Baromètre social 2025 : les inégalités de santé plus fortes que jamais

Parmi les documents publiés par l’Observatoire de la santé et du social (service d’étude de Vivalis) qui constituent des éléments de veille quant à la situation socio-économique et sanitaire des Bruxellois, le Baromètre social s’attache à procurer des données chiffrées et des analyses sur la situation des habitant·es de la capitale et ce, dans des domaines comme les revenus, le marché du travail, l’éducation, le logement… La santé constitue un des chapitres de ce Baromètre.

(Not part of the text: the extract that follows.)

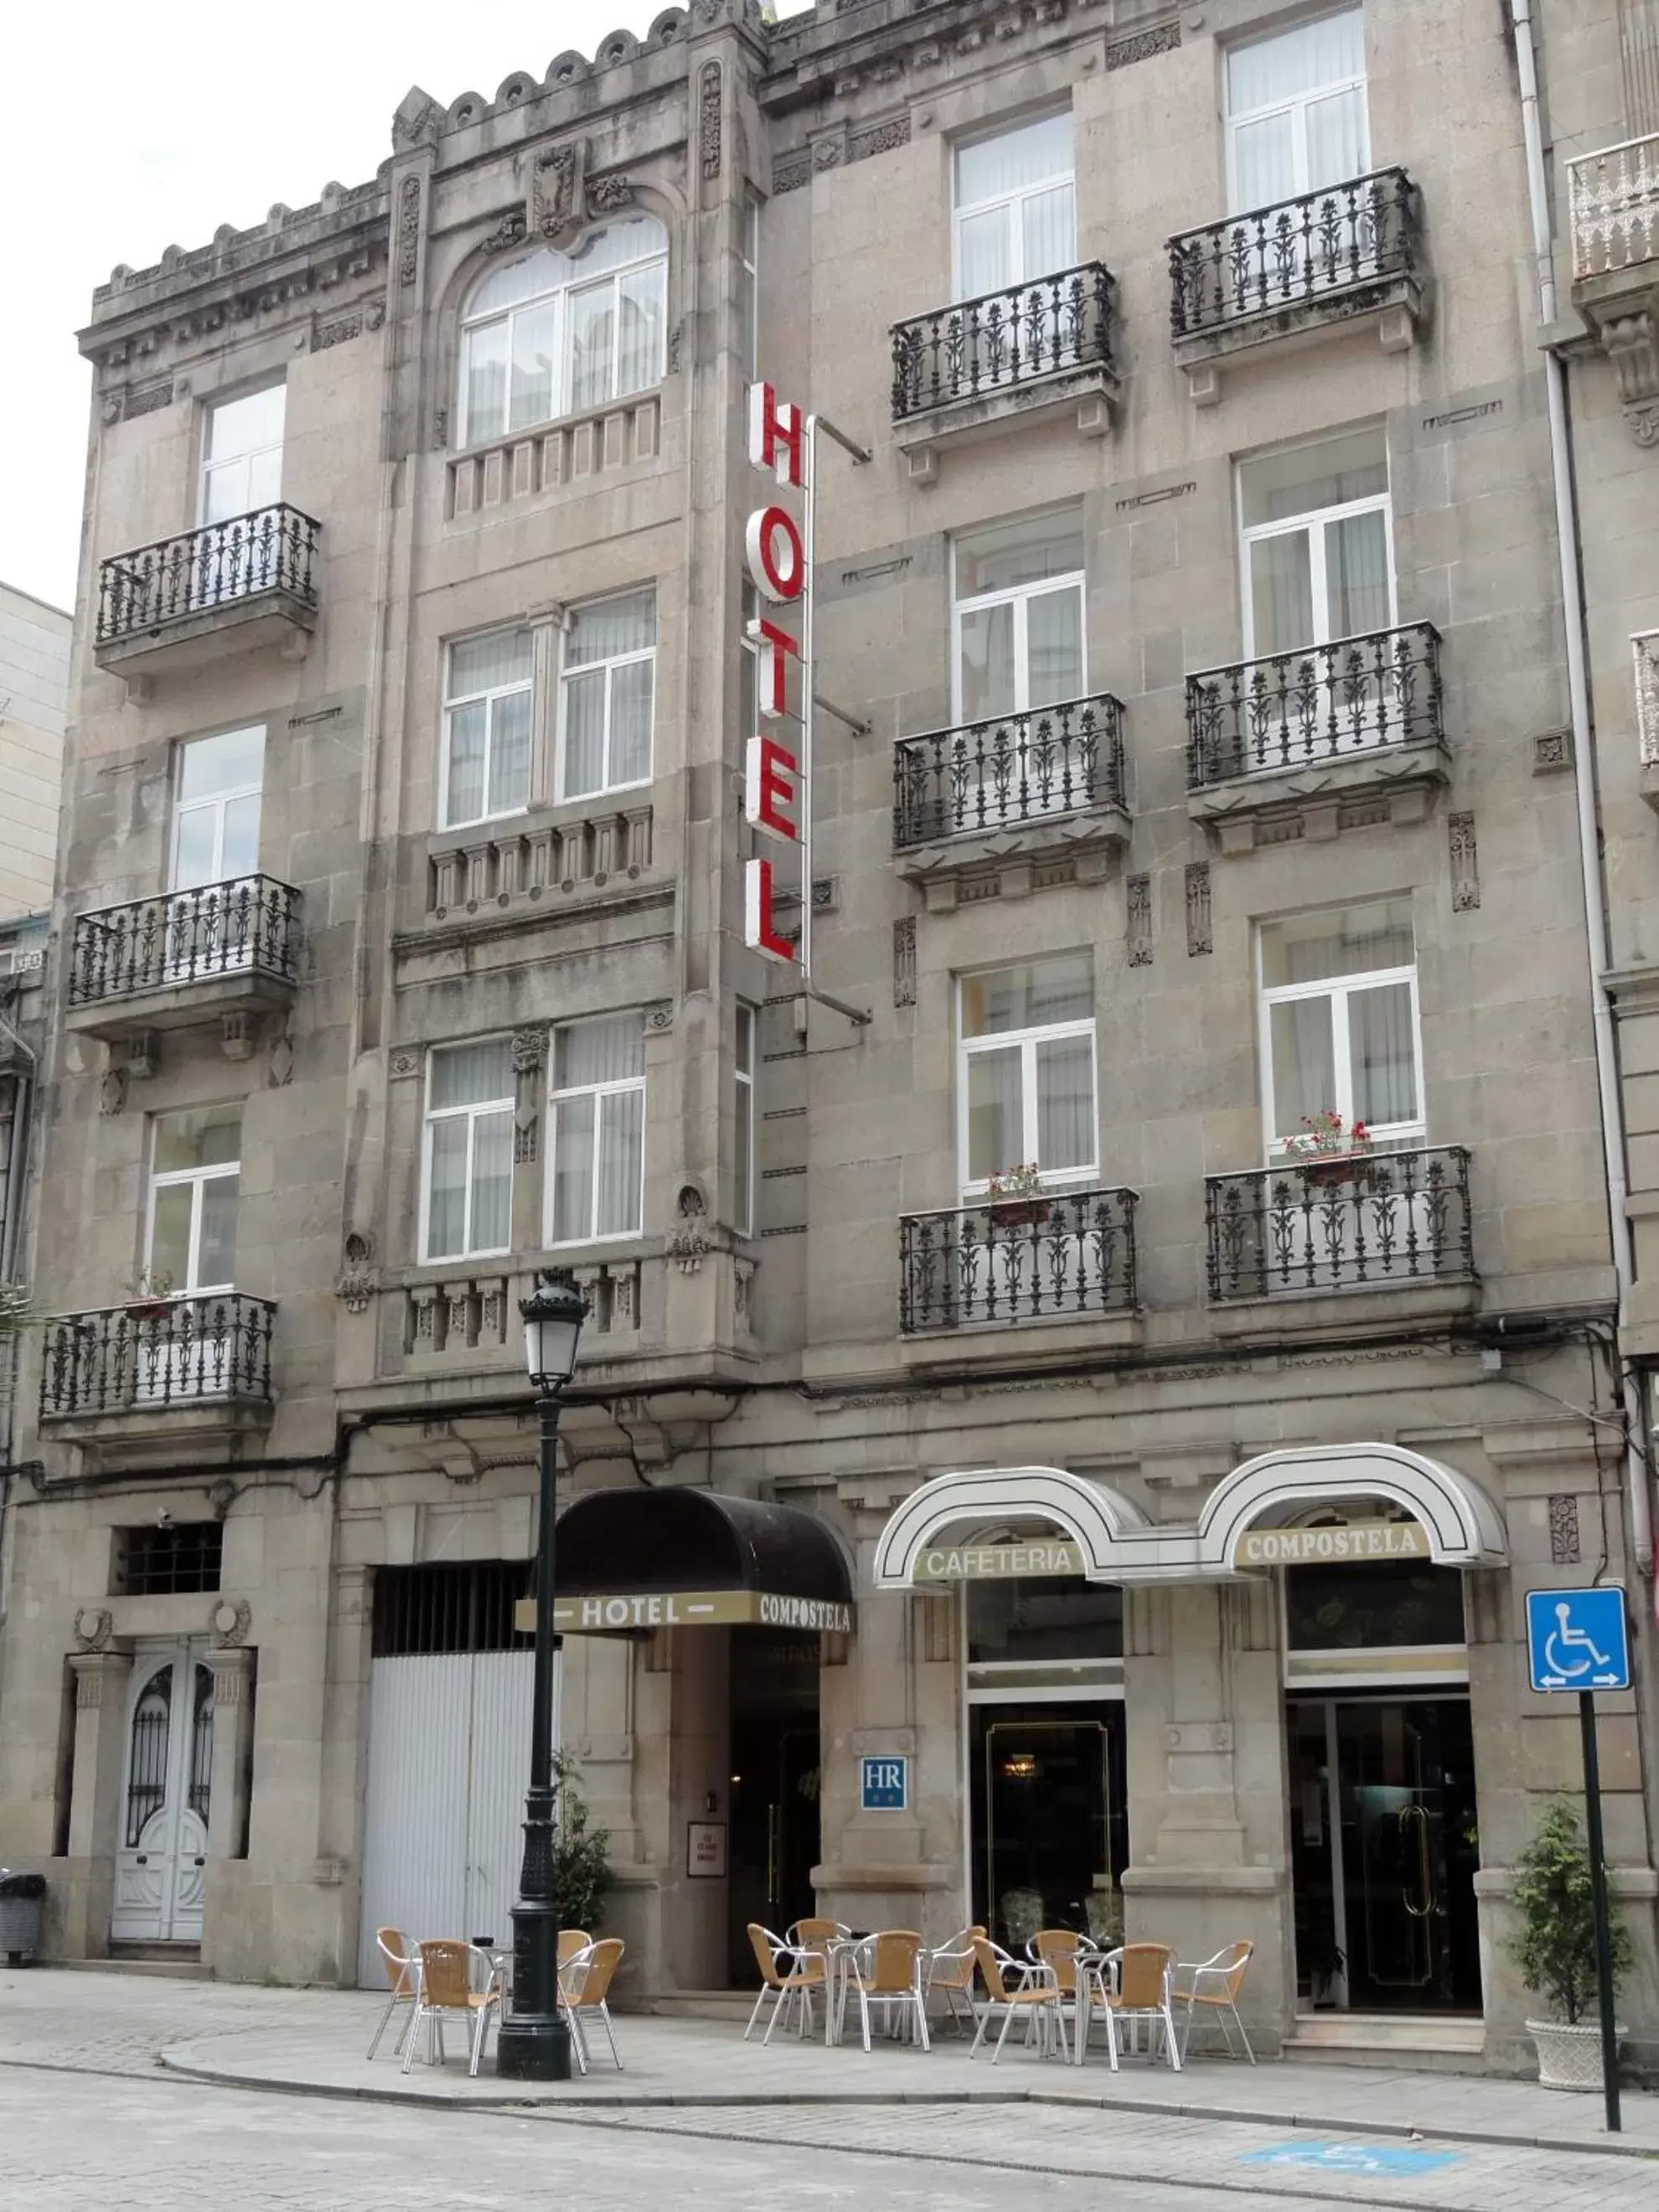 Facade/entrance, Property Building in Hotel Compostela Vigo

Paru en avril 2026, le Baromètre social 2025 pointe un risque de pauvreté pour la population bruxelloise qui atteint les 26% (contre 8% en Flandre et 13% en Wallonie – 11% pour la Belgique). Six des dix communes les plus pauvres de Belgique se situent en Région bruxelloise, avec Saint-Josse en number one, suivie de Molenbeek, Anderlecht, Koelkelbert et ensuite Schaerbeek et Bruxelles-ville, un peu plus loin dans la liste mais toujours dans le top ten. L’on trouve aussi des disparités énormes entre communes quant à ce risque de pauvreté, allant de 9% à Woluwe-Saint-Pierre à 33% à Saint-Josse. Dans la Région bruxelloise, les inégalités sont exacerbées, avec les revenus des plus pauvres plus bas qu’ailleurs et ceux des plus riches légèrement plus élevés. Et la réforme du droit aux allocations de chômage en 2026 est déjà présentée comme un facteur aggravant du risque de pauvreté et de ces écarts entre communes, dont on ne connaît pas encore l’ampleur.
Si le document contient nombre d’informations sur la population vivant à Bruxelles (nombre, densité et mouvements de population, âge et composition des ménages), on y trouve également des informations sur les revenus, la privation matérielle et sociale, les revenus fiscaux. Le marché du travail est également appréhendé, tout comme le logement, l’enseignement et la formation.
La question de la santé est évidemment auscultée, avec un constat qui n’étonne personne : les disparités socio-économiques entre communes se traduisent par d’importantes inégalités de santé. Plus effarant : le gap de cinq années de vie qui sépare les habitant·es de Saint-Josse et ceux de Woluwe-Saint-Pierre. Il apparait que la mortalité infantile, même si elle est très faible, est deux fois plus importante dans un ménage sans revenus que dans un ménage disposant de deux revenus. Autre élément discriminant : bon nombre de maladies chroniques, comme le diabète, dont la prévalence augmente à mesure que le niveau de revenus diminue. Idem pour le risque d’invalidité, deux fois plus important pour les ouvrier·es que pour les employé·es. L’accès aux soins est également modalisé par les inégalités de santé, avec un report de soins pour 38% des Bruxellois·es présentant des difficultés financières. Enfin les problèmes de santé mentale ont augmenté de manière significative depuis la crise du Covid-19.